To enshrine its status as our sole means of “water insurance” (that is, in case the bigger Supɔn dried up during a drought) Twafoɔwas expected to possess powers that enabled it to “never dry up”! It was expected to but stay alive perpetually to give us water to drink! and therefore was provided with a special shrine, at which ceremonies took place during such festivals as Odwiraor Ohum.

This 'fetishization' of the river Twafo , if it can be called that, was the insurance "premium" that we paid to it.

It had its own venerated priestess, a short old lady who led festival processions, dressed all in white with white clay smeared over parts of her body, declaiming: Ggbooo-gboooo!...Gboooo-gboooo! (in imitation of the roaring of a river. ) She interspersed these onomatopoeic words with an unabashed series of self-acclamations:

Gboooo-gbogbooo! Gboooo-gboooo!

Me nono ooo!

Twafo Yaw!

Asuo ketewa a miyiri pɛ berɛ!

(TRANSLATION: That's me, [ROARING!)

Twafo Yaw!

The little river

Who chooses the dry season

In which to flood his banks!)

Flooding its banks in the dry season? It's an unforgettable image, isn't it? The poets who coined that appellation for the river were telling us, in no uncertain terms that they rated Its abilities to high heaven.

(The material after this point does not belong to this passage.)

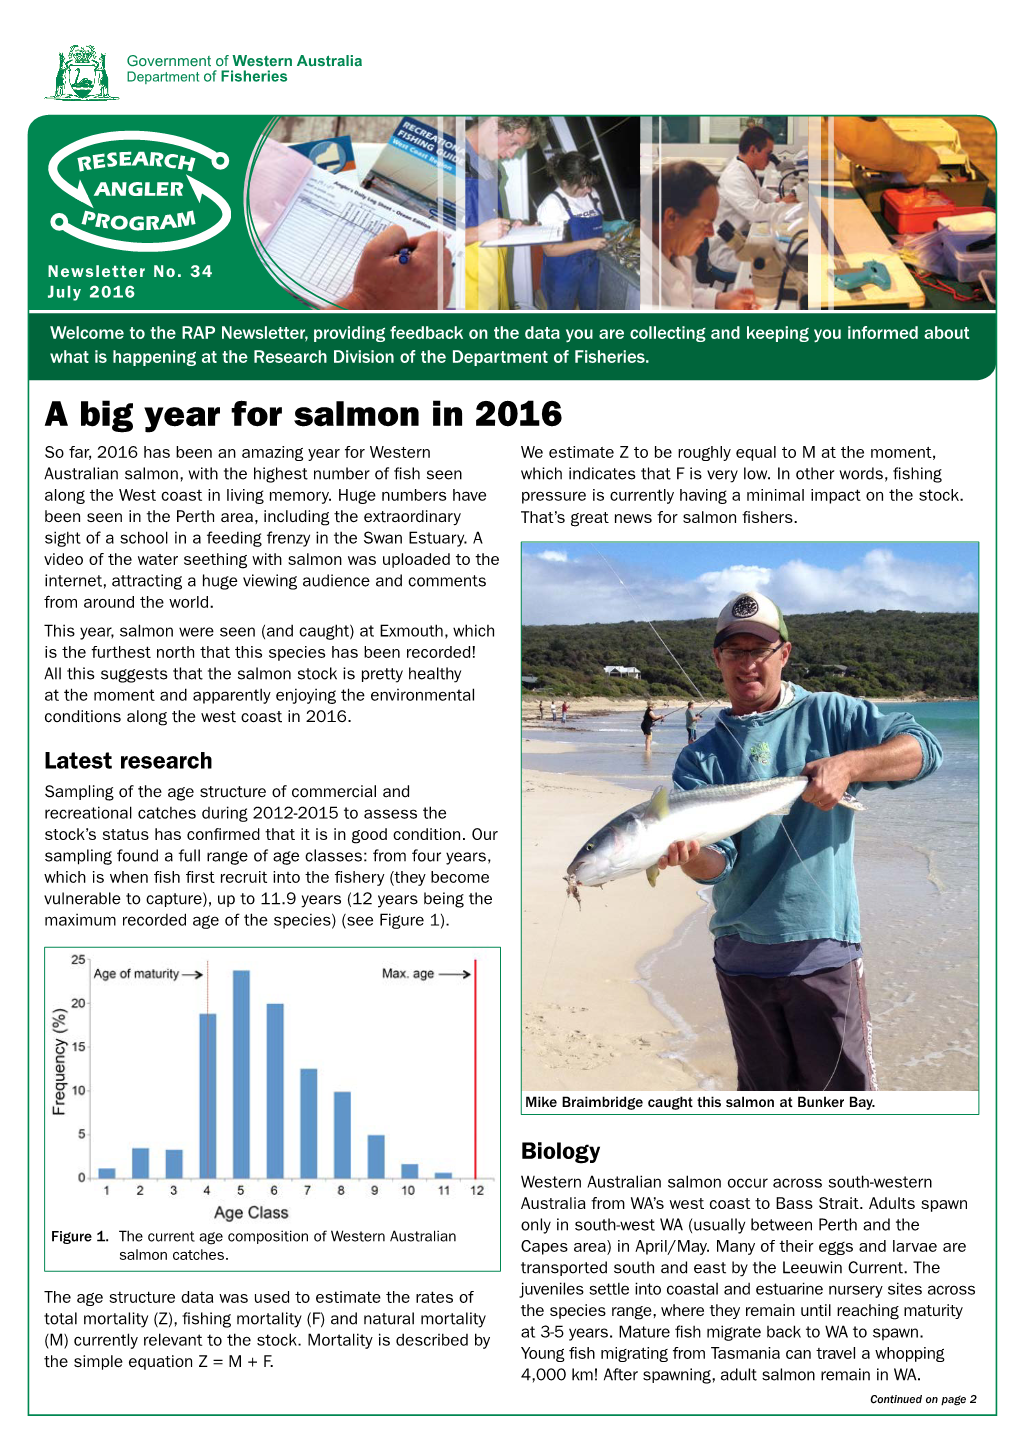 A Big Year for Salmon in 2016

Now, our ancestors expected a child exposed to such ceremonies in its infancy to seamlessly absorb – both at the conscious and sub-conscious levels – the philosophical concepts in such poem-songs as those I've just quoted. And they were right, for, of course, I am reciting it all to you from memory acquired in my childhood. But, of course, as a human being, the eventual character of a child, no matter what pains are taken to educate itr, can never be foretold.

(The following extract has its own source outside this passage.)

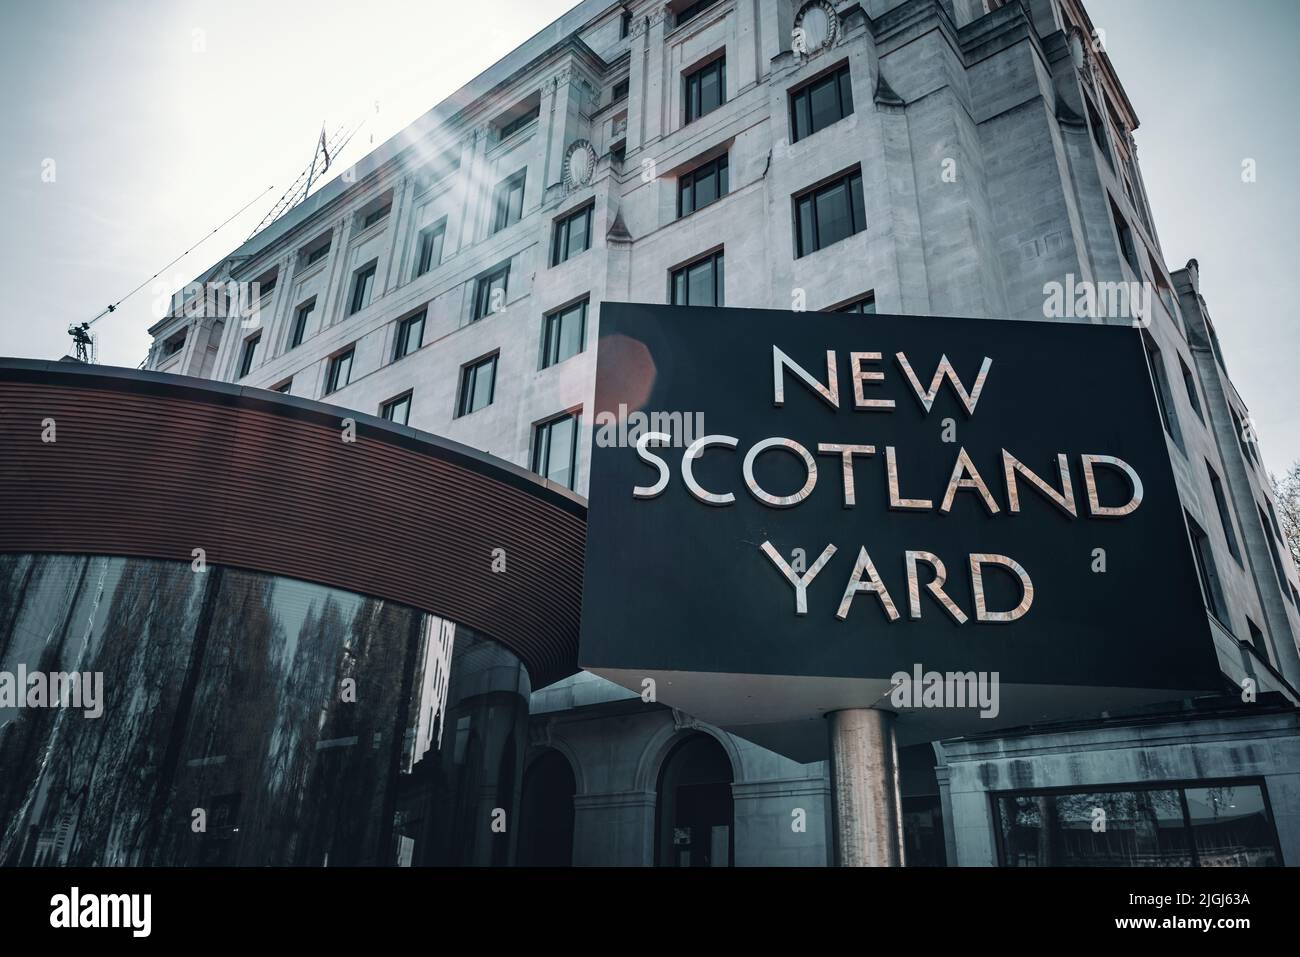 London, UK - 16th April 2022: New Scotland Yard with the iconic sign outside, London UK. Natural sun flare, retro style  filter applied. Stock Photo

Indeed, even those Ghanaian reprobates who currently engage in destroying our sacred rivers through galamsey; these chameleons who secretly procure excavators and chanfangs to turn our rivers upside down, seeking gold from the riverbeds, do realise what taboos they are infringing. It's not for nothing that they have been fighting to get our government to sanitize their acitivities by agreeing to characterise their crime as “small-scale mining.”

Aaptopos of this statement, I am glad ro report trhat I watched the pained face of the First Deputy Speaker of the National Assembly, Mr Joe Osei-Owusu, as he asked (in his role as the chair of Parliament's Appointments Committee) of Mr Samuel Abu Jinapor (then prospective Minister of Lands and Natural Resources): “What is 'small-scale' about taking excavators to rivers and digging them up for gold”?

'Joe Wise' might well have also queried Mr Jinapor as follows: “How do 'small-scale miners' manage to drive changangs brought to them from China, pasat our POLICE ROADBLOCKS, Into our rivers and forests, to be used for refining gold from sand and pebbles dug up from the riverbeds by excavators?….

Or: “Wha is small-scale about galamseyers managing to import pump-action shotguns and/or AK47s, to give to their Chinese collaborators to stand guard against interference from villagers and townspeople, who want to stop their gold-digging in our remote areas? ....

And: “What is 'small-scale' about managing to organise 'Mafia-type' socio-political networks that are able to ensure that hirelings can drive excavators and chanfangs past police roadblocks. without being detained; and why do so many arrested excavators get given back to their owners, after being taken to police stations”?

Mr Jinapor may or may not have realised that the question 'Joe Wise' put to him at his vetting was a rhetorical one. He'd be wise, though, not to regard the opinions he heard at the National Dialogue on Small-scale Mining on 14-15 April 2021, as the idle murmurs of a nation easily swayed with words. The honest truth, which the Minister will soon discover, is that the Ghanaian people are now sick to death of hearing words that lead to no action. Words against a nefarious practice that everybody “condemns” with their lips – but which continues unabated!